Here we report that the length of hydrophilic PEG chains can control the charged end-group effect of DMs. With the short PEG chains (600 g/mol), positively charged DM600-NH2 showed charge-dependent nonspecific cellular interactions and modest cytotoxicity, whereas the DMs prepared from longer PEG chains (2000 g/mol), DM2K-NH2, did not. This result was further supported by the MD data, where DM600-NH2 exhibited less hydrogen bonding formation than DM2K-NH2, thereby pronouncing the surface charge effect. Surface modification of DM600 to charge neutral or negatively charged groups substantially decreased the charge-based cell interactions. In addition, we found that DM600-NH2 maintained its structural integrity after binding to KB cell membranes and internalized through an energy-dependent pathway. No DMs display any noticeable leakage of an encapsulated dye, whereas the LM allowed a degree of dye leakage, indicating that the dense, dendritic PEG corona enhanced the encapsulation stability of DMs.
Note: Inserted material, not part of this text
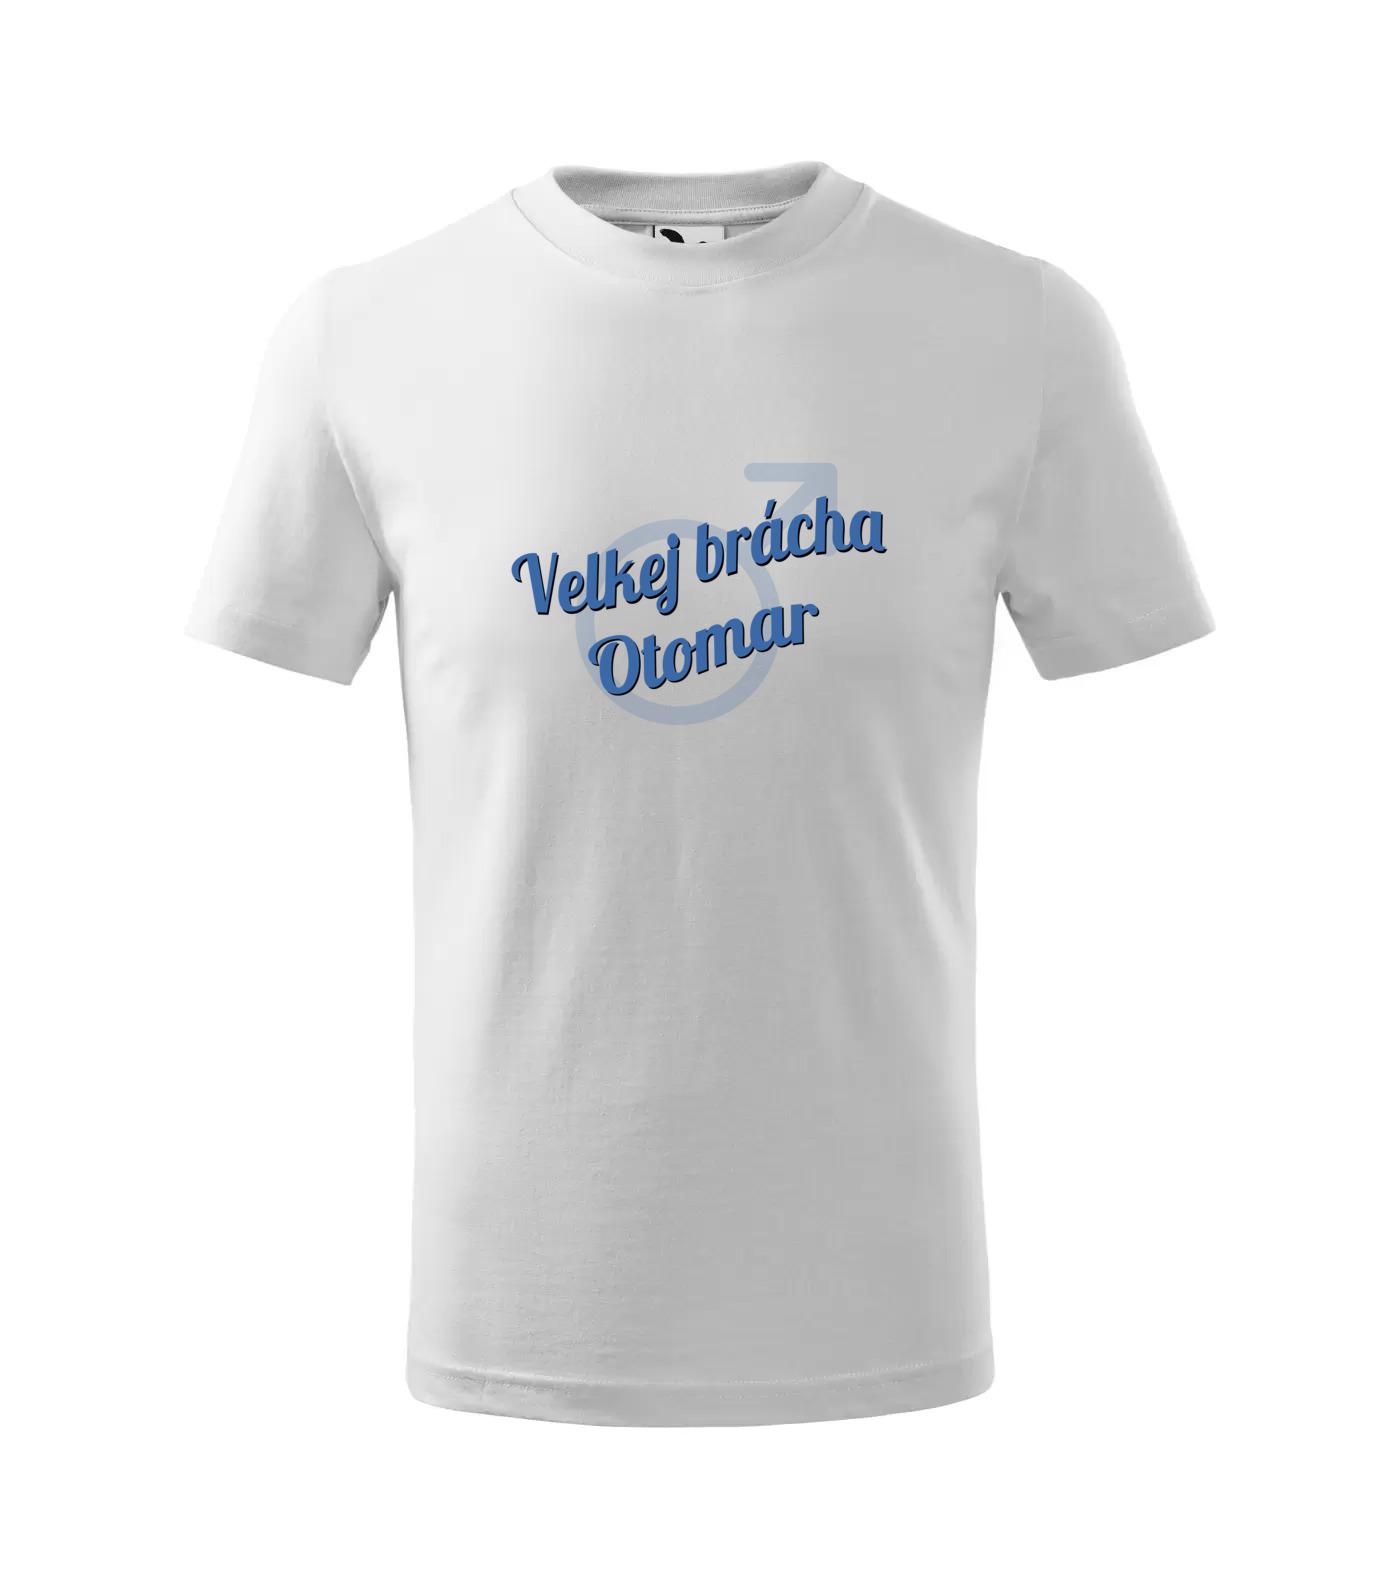 Tričko Velkej brácha Otomar
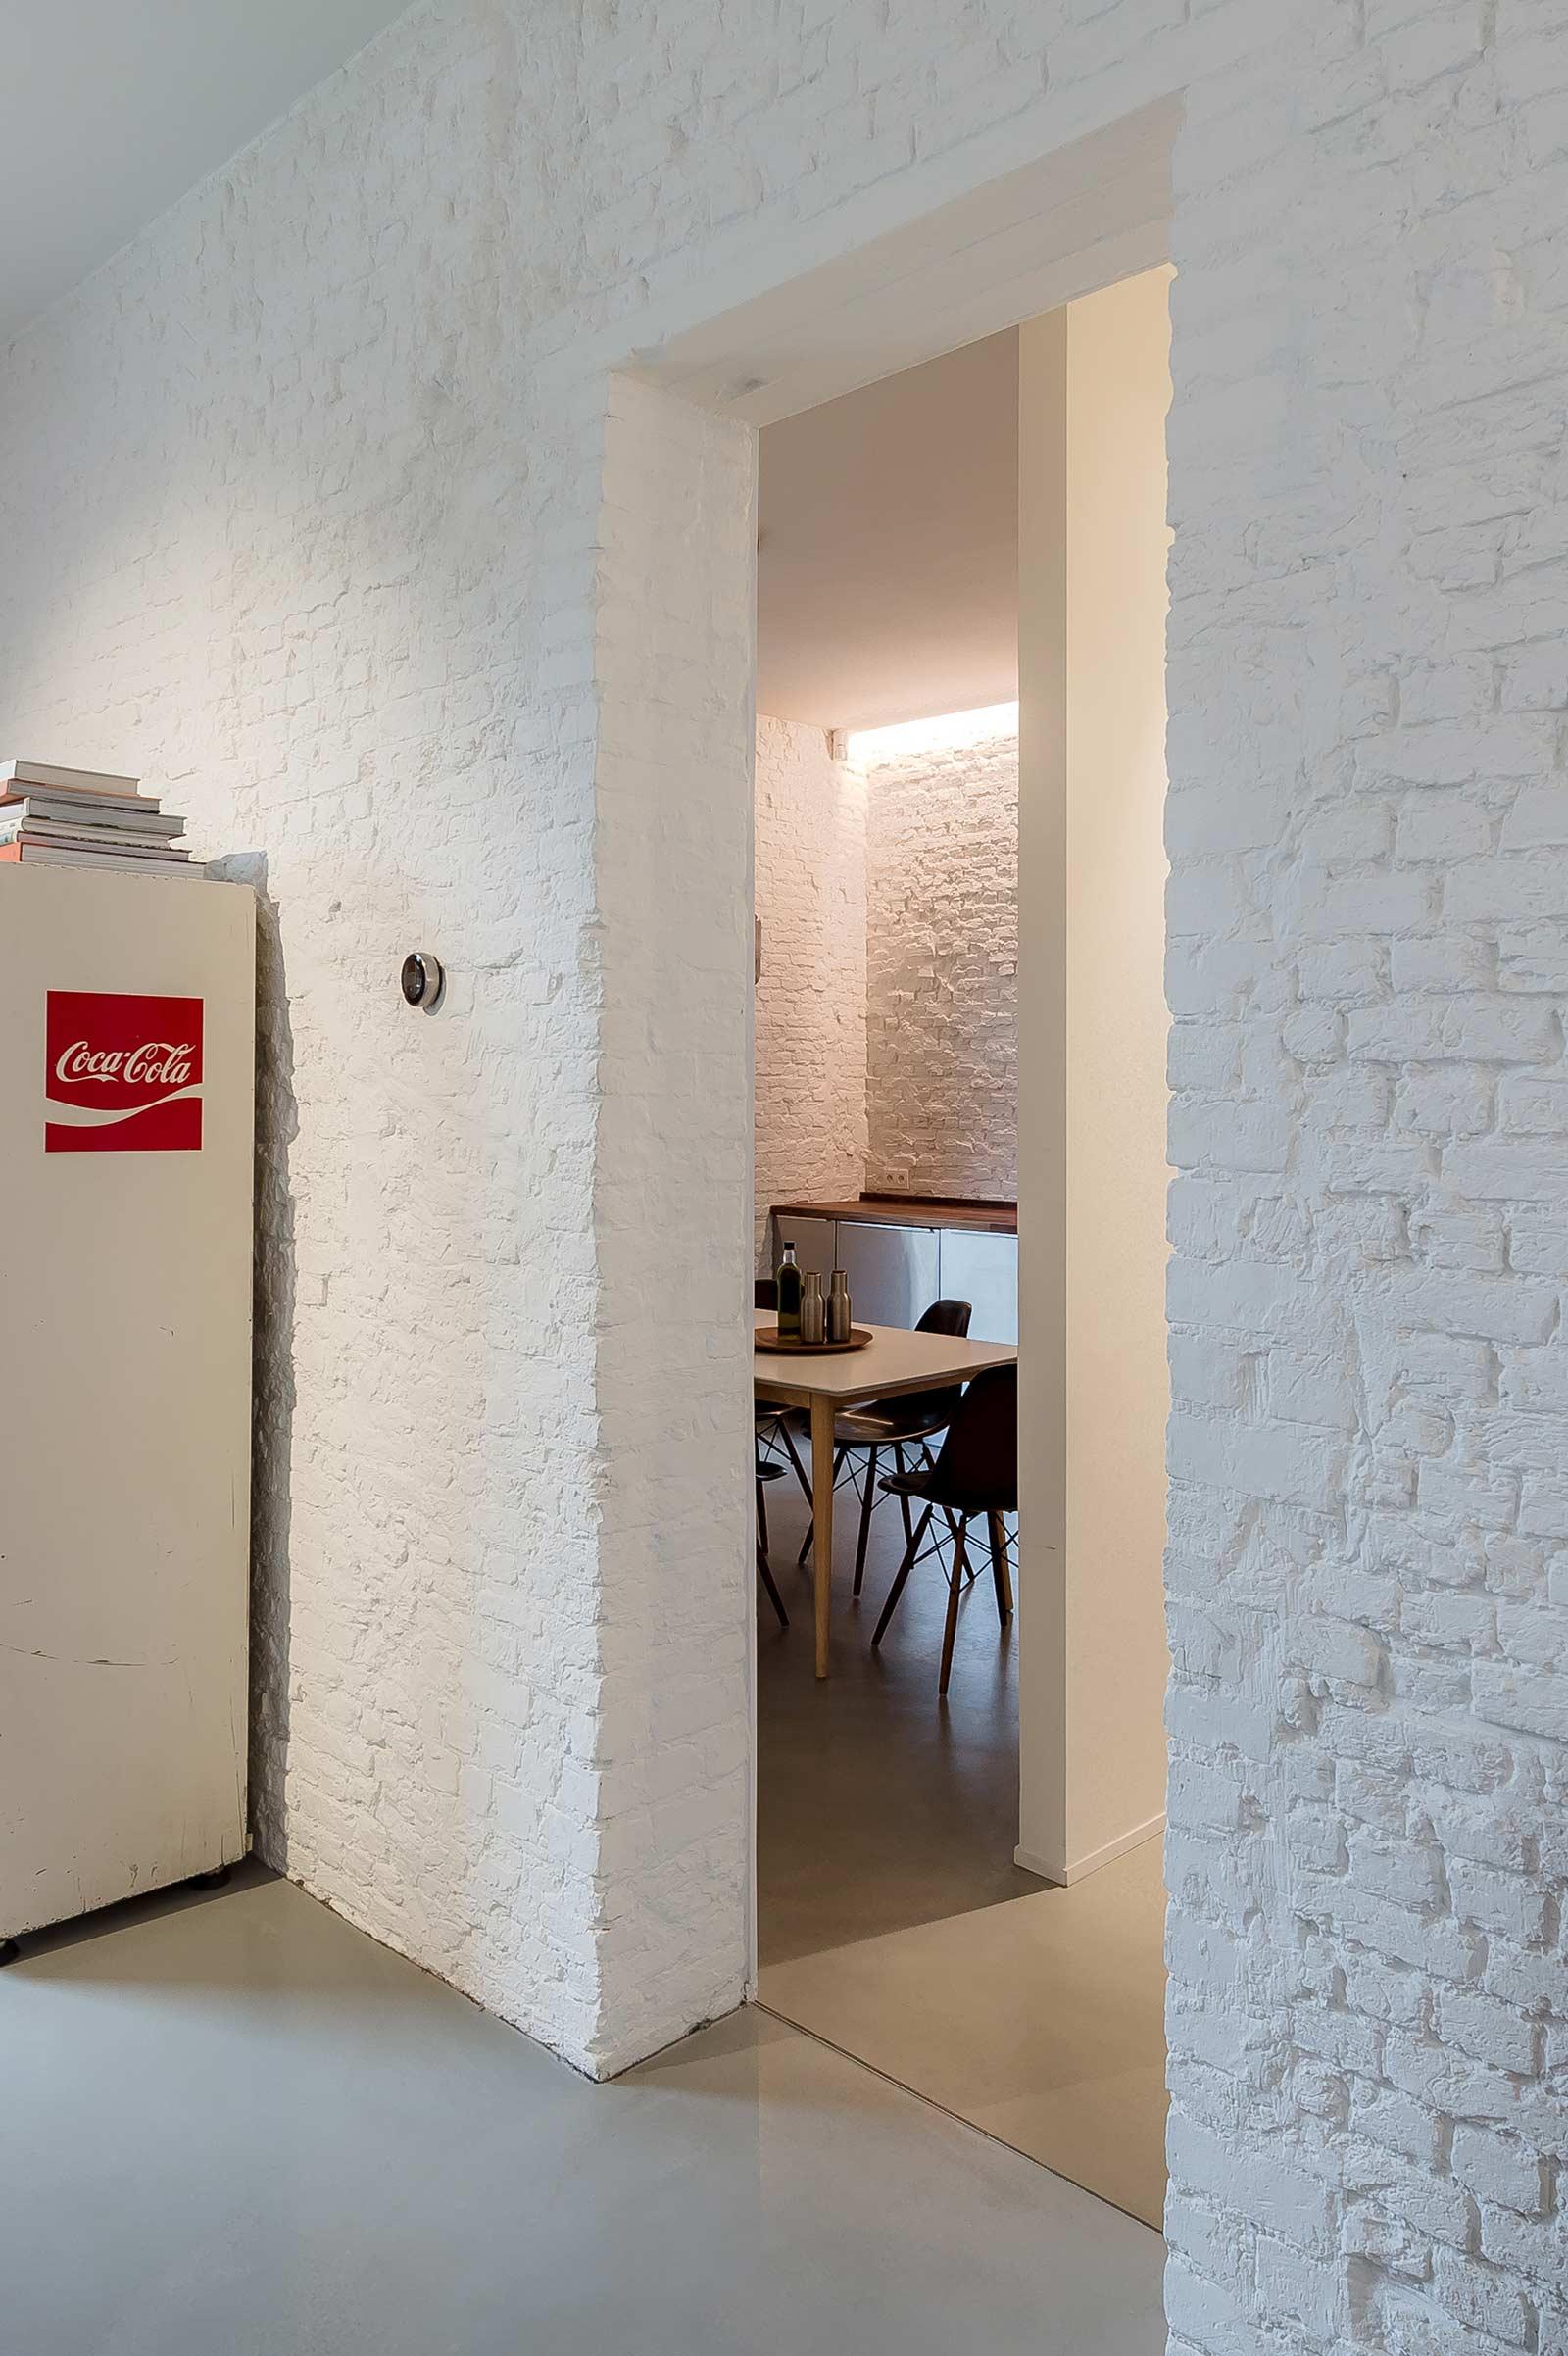 Studio Tolleneer - Office Antwerpen - Rijkswachtkazerne - Coke vending machine coca-cola automaat

Our results integrating both in vitro and MD simulation data support the potential to use DMs as a drug delivery platform of which cellular interactions can be facilely modulated by surface functionalization and the PEG chain length. This study helps to understand the role of surface charge, PEG corona, and polymeric architecture on tuning the biological properties of NPs, providing a critical design cue for DMs as well as other types of polymeric micelles.